Exhibit 5.1
[PPG Industries, Inc. Letterhead]
April 30, 2026
PPG Industries, Inc.
One PPG Place
Pittsburgh, Pennsylvania 15272
| RE: | PPG Industries, Inc. |
Post-Effective Amendment to Registration Statements on Form S-8
Ladies and Gentlemen:
This opinion is submitted in connection with the Post-Effective Amendment No. 1 (the “Post-Effective Amendment”) to the Registration Statements on Form S-8 (File Nos. 333-173657 and 333-212813) being filed by PPG Industries, Inc. (the “Corporation”) with the Securities and Exchange Commission under the Securities Act of 1933, as amended (the “Act”), in respect of the offer and sale of the Rollover Shares (as defined below) that may be issued in accordance with the PPG Industries, Inc. 2026 Omnibus Incentive Plan for Directors (the “2026 Plan”).
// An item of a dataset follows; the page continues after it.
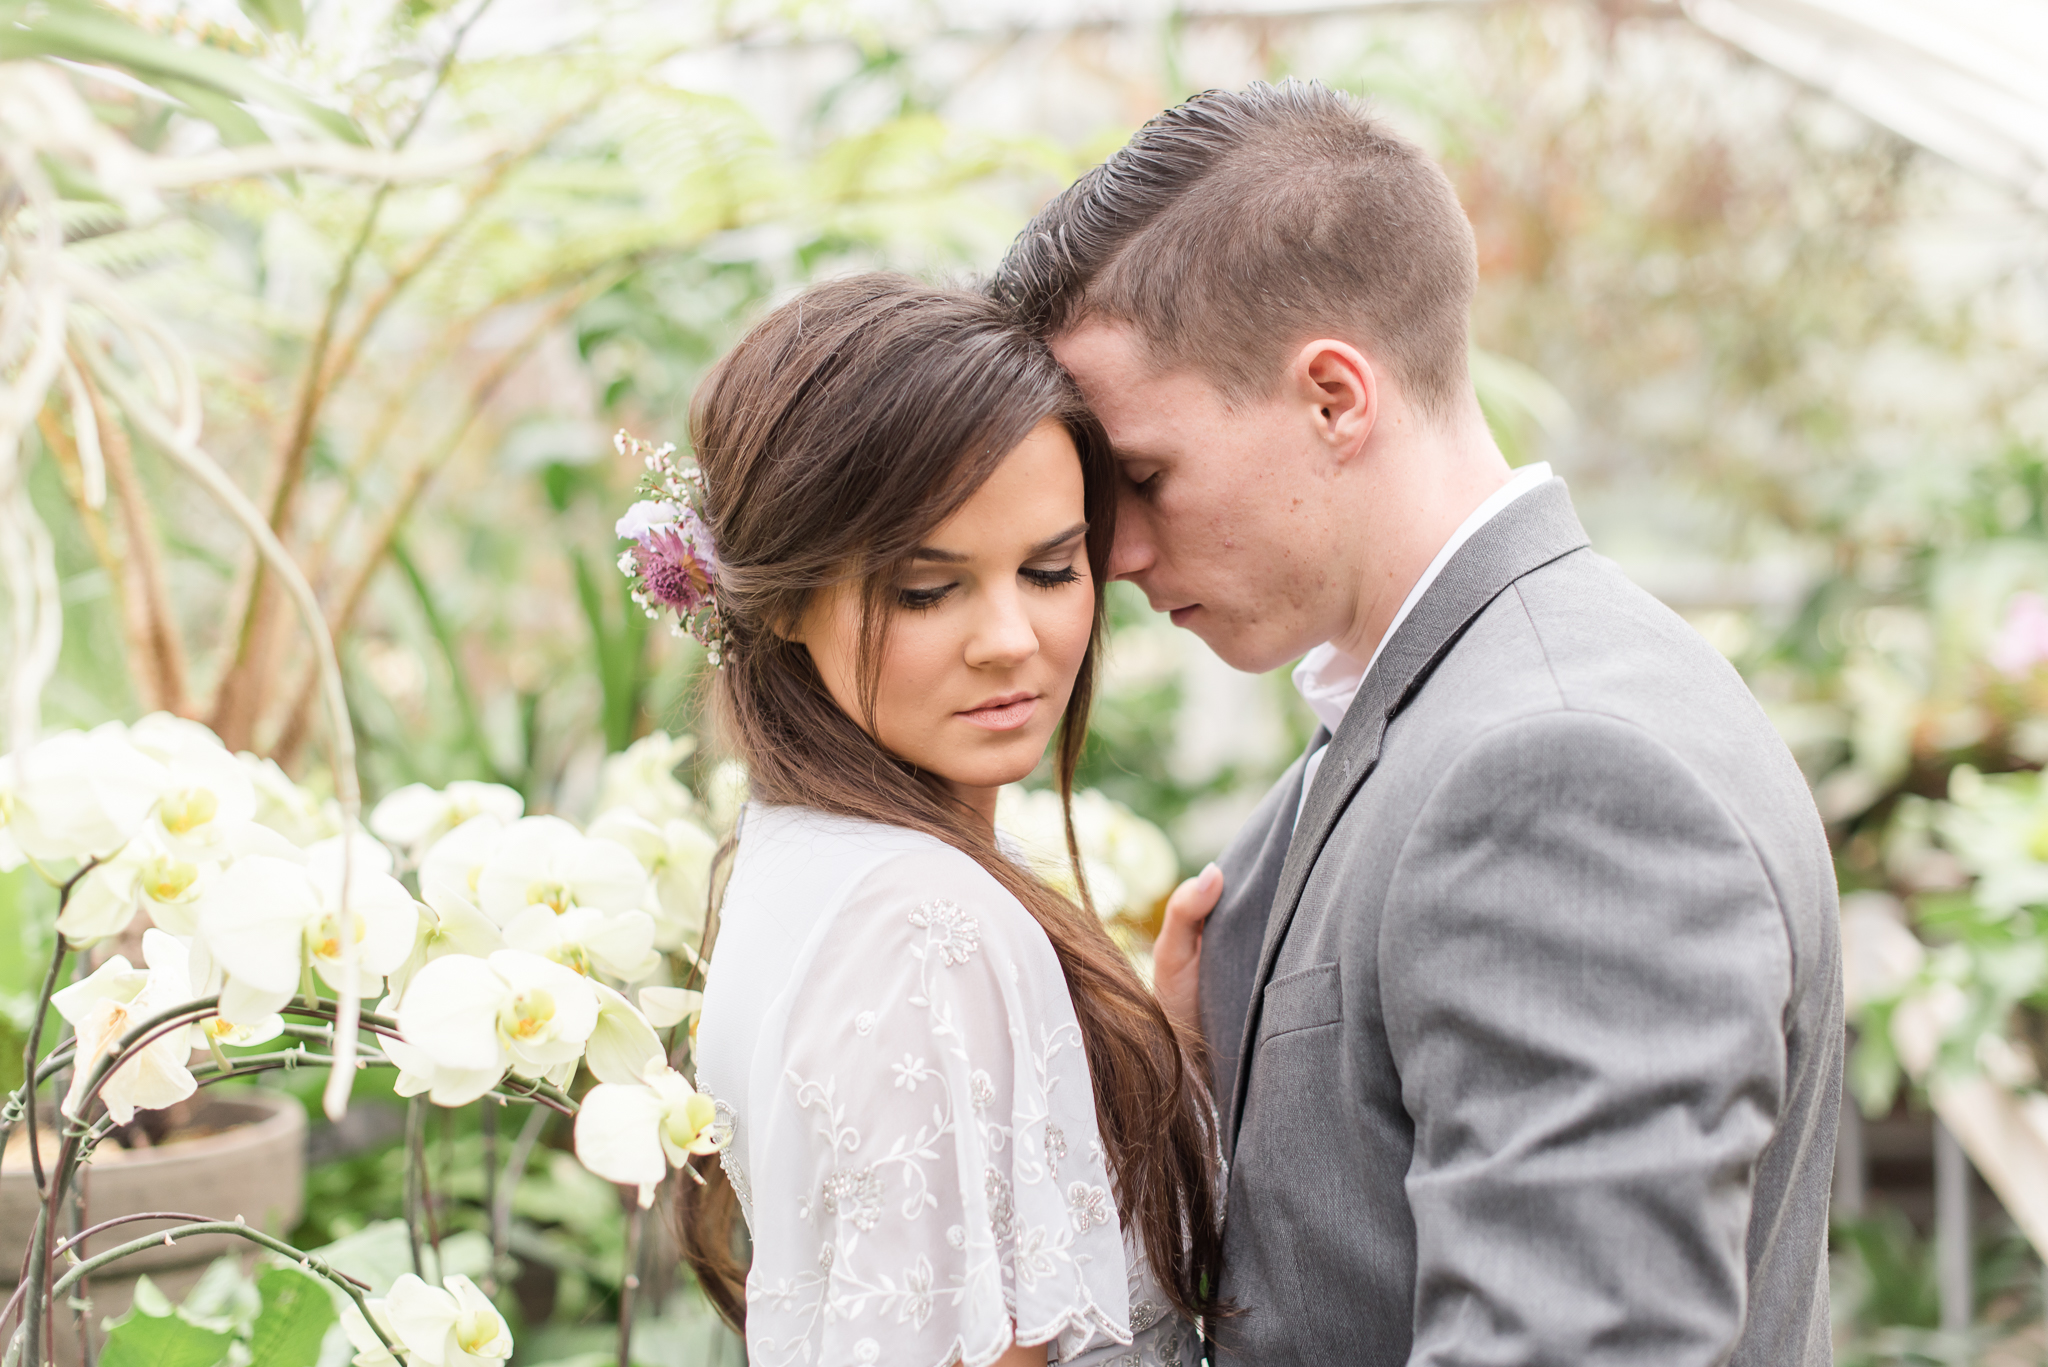 Newfields Engagement Session IMA Indianapolis Museum of Art Wedding Photos Photographer-26.jpg

This opinion is delivered in accordance with the requirements of Item 601(b)(5) of Regulation S-K under the Act.
On February 19, 2026, subject to shareholder approval, the Board of Directors of the Corporation adopted the 2026 Plan. The 2026 Plan subsequently was approved by the Corporation’s shareholders on April 16, 2026 (the “Effective Date”) at the Corporation’s 2026 Annual Meeting of Shareholders.
The number of shares of the Corporation’s common stock, par value $1.66 2/3 per share (the “Common Stock”), initially authorized for issuance pursuant to the 2026 Plan includes (i) 1,500,000 newly authorized shares of Common Stock (the “Newly Authorized Shares”); and (ii) 5,403,753 shares of Common Stock (the “Carried Forward Shares”) which remained available for the granting of awards under the PPG Industries, Inc. Amended and Restated Omnibus Incentive Plan (the “Prior Plan”) as of the Effective Date. No further awards may be made under the Prior Plan as of the Effective Date.
Any shares of Common Stock covered by an award under the Prior Plan that, after December 31, 2025, are forfeited or that remain unpurchased or undistributed upon termination or expiration of any such award, may be used for future awards to the same or other participants under the 2026 Plan on a one-for-one basis. In the event that withholding tax liabilities arising after December 31, 2025 from an award granted under the Prior Plan other than an option or stock appreciation right are satisfied by the tendering or withholding of shares of Common Stock, the shares of Common Stock so tendered or withheld will be added to the shares of Common Stock available for awards to the same or other participants under the 2026 Plan on a one-for-one basis. As of the Effective Date, the maximum number of Rollover Shares that may be added to the shares available for awards under the 2026 Plan on a one-for-one basis as a result of circumstances described in the immediately prior sentence is 5,403,753 shares of Common Stock.
I am Senior Vice President, General Counsel and Secretary of the Corporation and, in that capacity, I, or lawyers in the Law Department of the Corporation acting under my supervision, have examined the written documents constituting the 2026 Plan and such other documents and corporate records as I, or they, have deemed necessary or appropriate for the purposes of this opinion. In my examination, I have assumed the genuineness of all signatures, the authenticity of all documents submitted to me as originals, the conformity to original documents of all documents submitted to me as copies and the authenticity of the originals of all documents submitted to me as copies. I also have assumed the due execution and delivery of all documents where due execution and delivery are prerequisites to the effectiveness thereof.
Based on the foregoing, I am of the opinion that the Carried Forward Shares and the Rollover Shares have been duly and validly authorized and reserved for issuance, and that all such Carried Forward Shares and Rollover Shares, upon their issuance (or transfer in the case of shares acquired by the Corporation and held in its treasury) under the terms of the 2026 Plan and as authorized by the Corporation’s Board of Directors, will be legally issued, fully paid and nonassessable.
The opinions expressed in this opinion letter are limited to the law of the Commonwealth of Pennsylvania. The foregoing opinions are rendered as of the date of this letter. I assume no obligation to update or supplement any of such opinions to reflect any changes of law or fact that may occur.
I am furnishing this opinion letter to you solely in connection with the Post-Effective Amendment. You may not rely on this opinion letter in any other connection, and it may not be furnished to or relied upon by any other person for any purpose, without my specific prior written consent. I hereby consent to the filing of this opinion as an exhibit to the Post-Effective Amendment. I also consent to a reference to me and this opinion in the Post-Effective Amendment and the documents constituting a prospectus relating to the 2026 Plan meeting the requirements of the Act. In giving my consent, I do not hereby admit that I am in the category of persons whose consent is required under Section 7 of the Act or the rules and regulations thereunder.